Two spheres are moving along a straight line. One has mass 𝑚 and is moving at speed 𝑣, whereas the other has a mass of 10 grams and is moving at 36 centimeters per second. If the two spheres were moving in the same direction when they collided, they would coalesce into one body and move at 30 centimeters per second in the same direction. However, if they were moving in opposite directions, they would coalesce into one body, which would move at six centimeters per second in the direction the first sphere had been traveling. Find 𝑚 and 𝑣.

There are two scenarios in this question, and in both cases, the bodies coalesce. This means that they join together and the collision is inelastic. In the first scenario, the two bodies are moving in the same direction. In this situation, they join together and move at a speed of 30 centimeters per second. In the second scenario, they were originally moving towards each other. And they end up moving in the same direction as the first sphere with a speed of six centimeters per second. In order to answer this question, we will use the conservation of momentum. This states that the momentum before is equal to the momentum after. The formula we will use is 𝑚 one 𝑢 one plus 𝑚 two 𝑢 two is equal to 𝑚 one 𝑣 one plus 𝑚 two 𝑣 two.

We will now clear some space to answer the question. As the spheres are joining together, we will only have one product on the right-hand side. In our first scenario, we have 𝑚𝑣 plus 10 multiplied by 36 is equal to 𝑚 plus 10 multiplied by 30. Distributing the parentheses gives us 30𝑚 plus 300. We can then subtract 360 from both sides so that 𝑚𝑣 is equal to 30𝑚 minus 60. We repeat this for the second scenario. The only differences are the 36 is now negative as the second sphere is moving in the opposite direction and the final velocity is six. This simplifies to 𝑚𝑣 minus 360 is equal to six 𝑚 plus 60. This time, we can add 360 to both sides, such that 𝑚𝑣 is equal to six 𝑚 plus 420.

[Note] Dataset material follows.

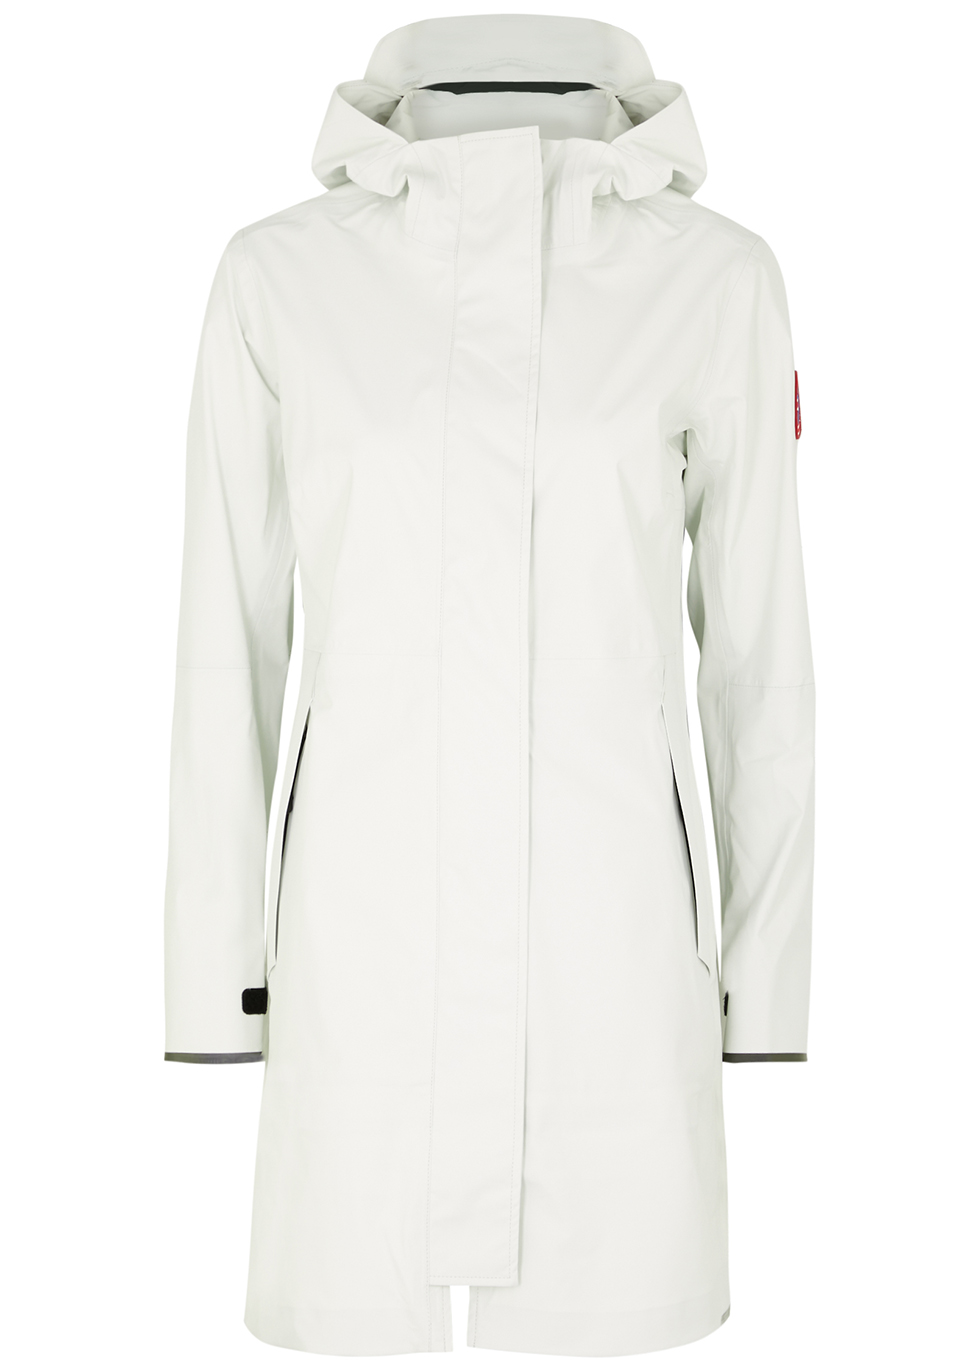 Salida white Tri-Durance® shell jacket

We now have a pair of simultaneous equations where the left-hand side of both of them is 𝑚𝑣. This means that 30𝑚 minus 60 must be equal to six 𝑚 plus 420. Adding 60 and subtracting six 𝑚 from both sides gives us 24𝑚 is equal to 480. We can then divide both sides by 24 giving us 𝑚 is equal to 20. The mass of the first sphere is 20 grams. We can now substitute this into one of our equations. We will choose equation one. This gives us 20𝑣 is equal to 30 multiplied by 20 minus 60. The right-hand side simplifies to 540. We can then divide both sides of the equation by 20 giving us 𝑣 is equal to 27. The initial velocity of the first sphere is 27 centimeters per second. We have now found the mass and speed of the first sphere that would result in the two spheres coalescing on collision.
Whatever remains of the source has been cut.